RECORDS TO PROCESS:
════
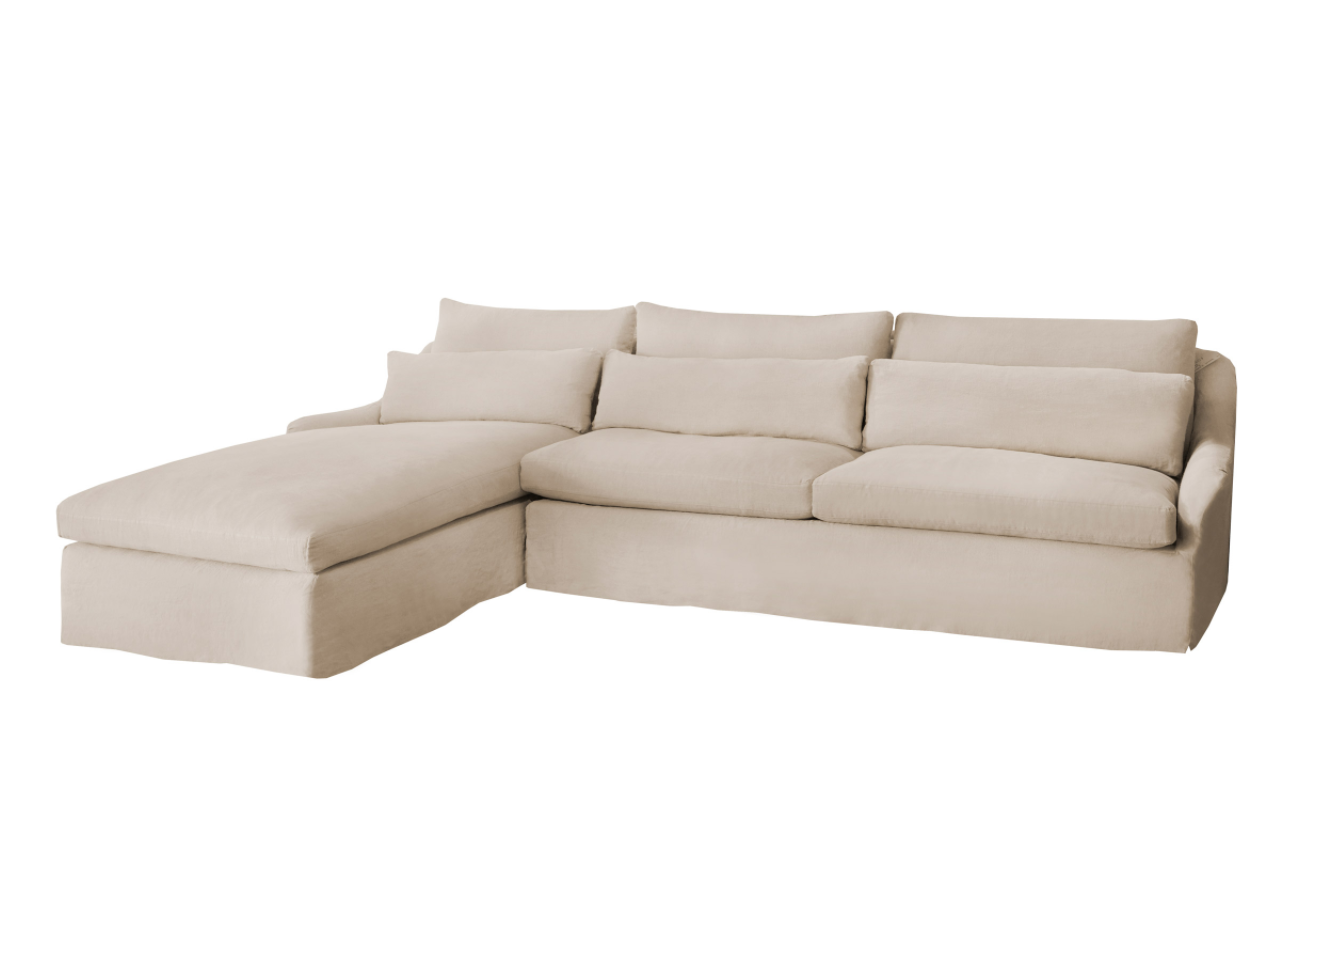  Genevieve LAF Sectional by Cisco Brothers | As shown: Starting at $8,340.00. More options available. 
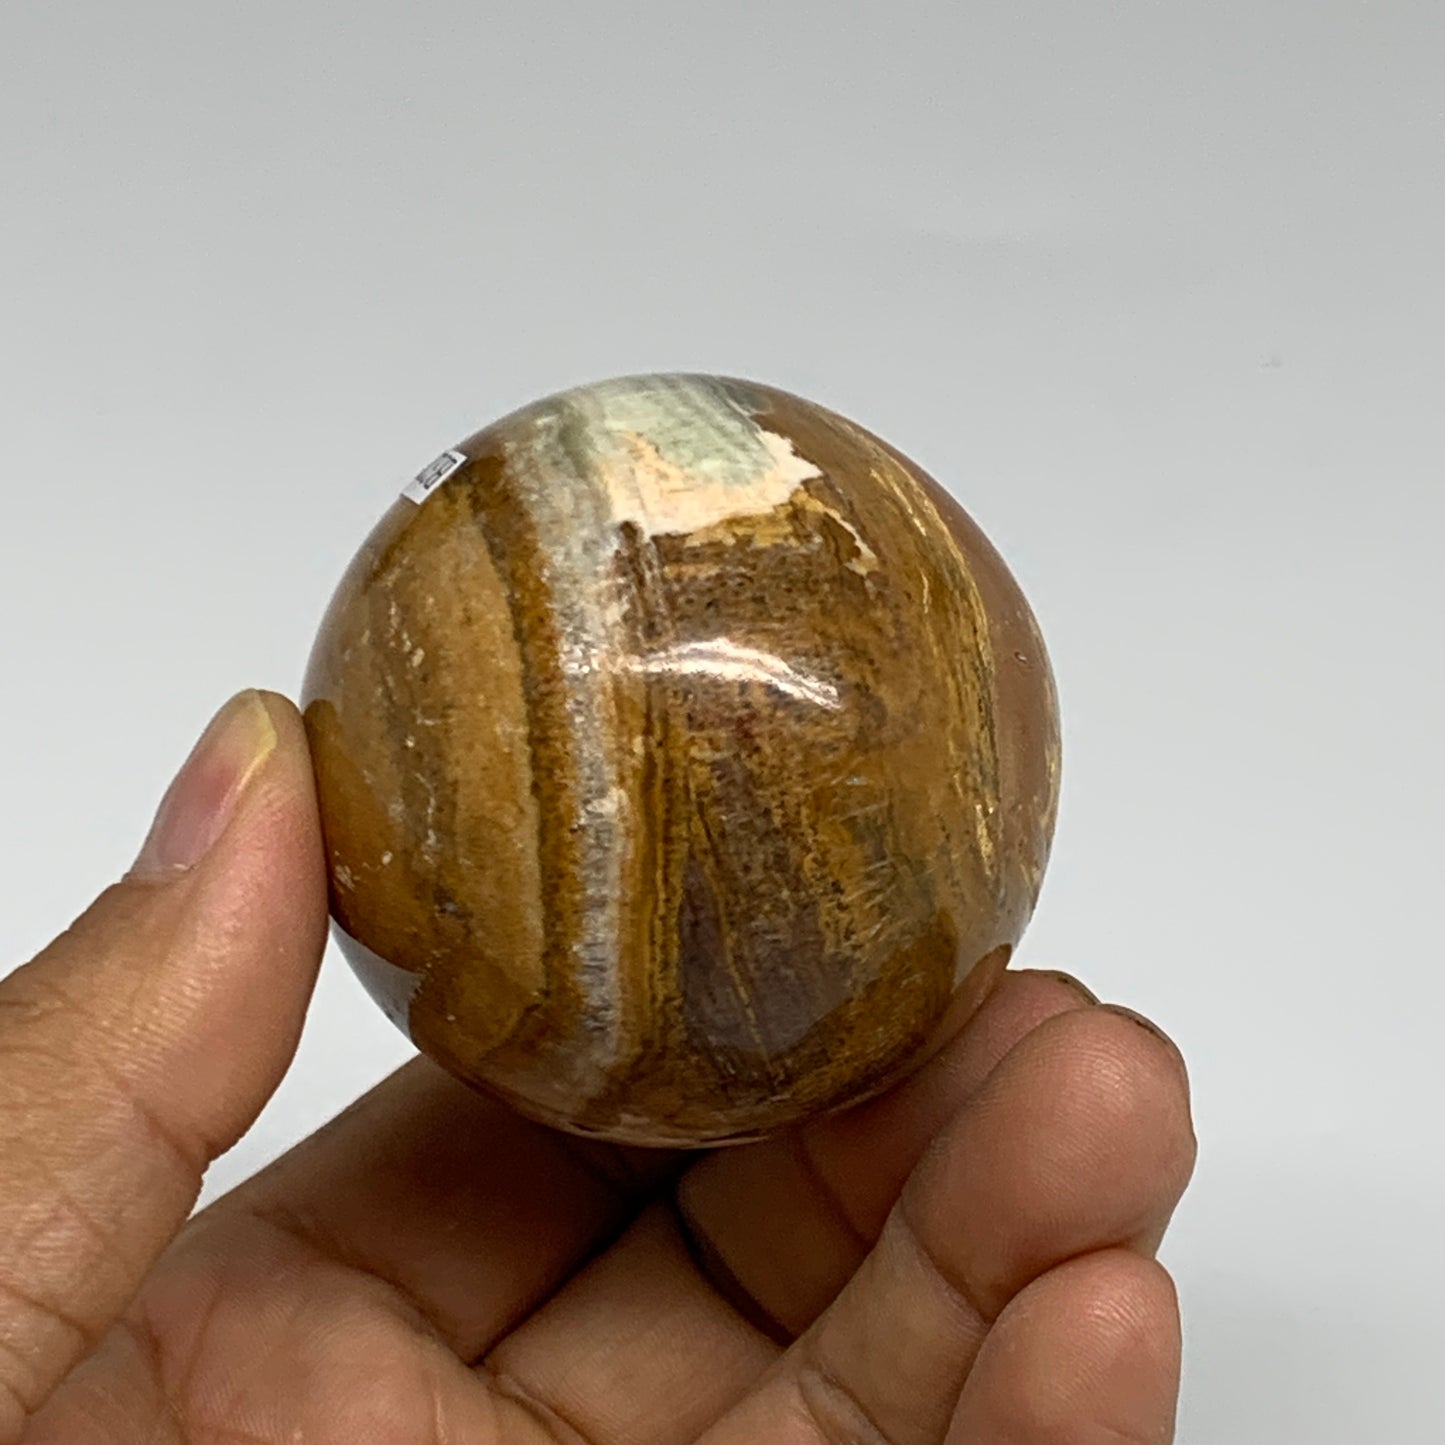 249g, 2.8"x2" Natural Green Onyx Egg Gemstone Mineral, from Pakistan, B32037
════
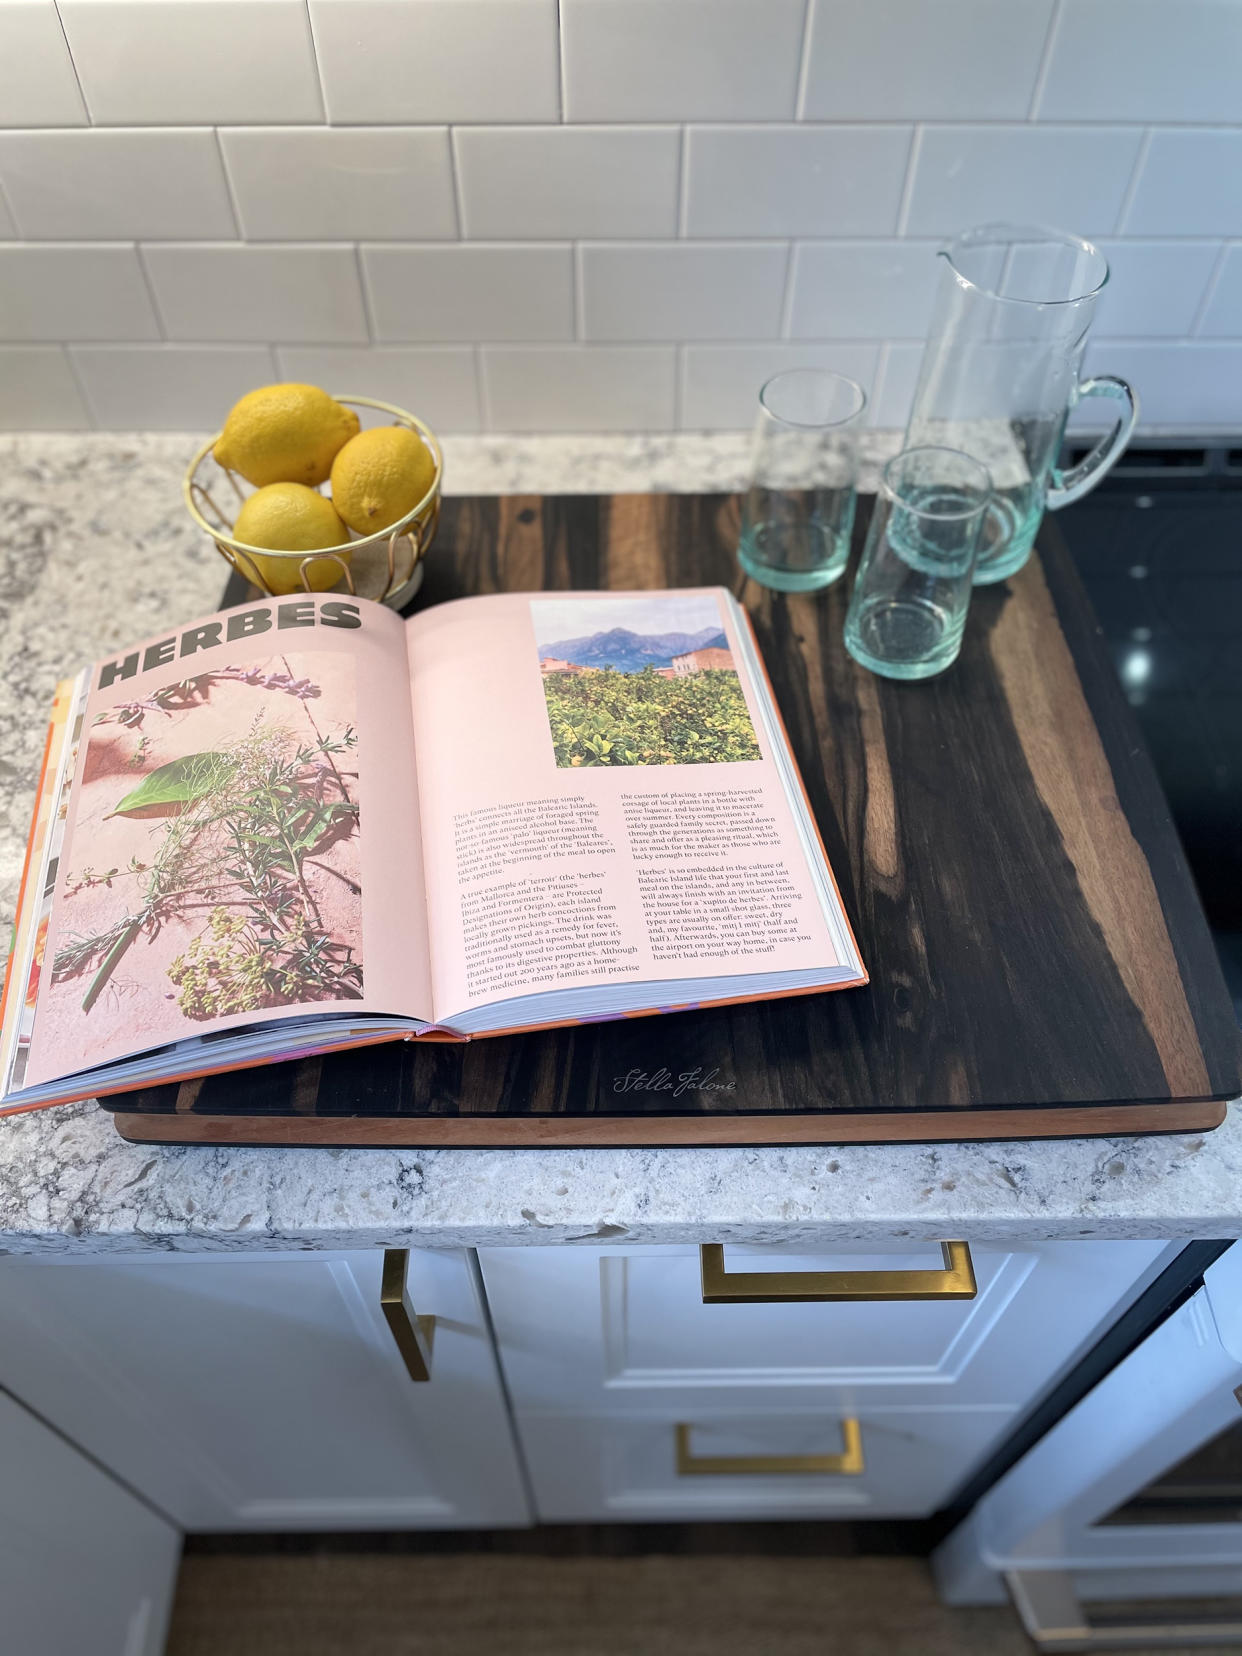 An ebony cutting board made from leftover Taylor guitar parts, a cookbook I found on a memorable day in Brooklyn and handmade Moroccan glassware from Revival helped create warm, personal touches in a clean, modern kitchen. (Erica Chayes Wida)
════
EXERCISE REQUIREMENTS:
Range to copy from the listing above: the line with "Genevieve LAF Sectional" through the line with "from Pakistan, B32037". Transcribe it exactly and skip the pictures.

WORKED SOLUTION:
  Genevieve LAF Sectional by Cisco Brothers | As shown: Starting at $8,340.00. More options available. 
 249g, 2.8"x2" Natural Green Onyx Egg Gemstone Mineral, from Pakistan, B32037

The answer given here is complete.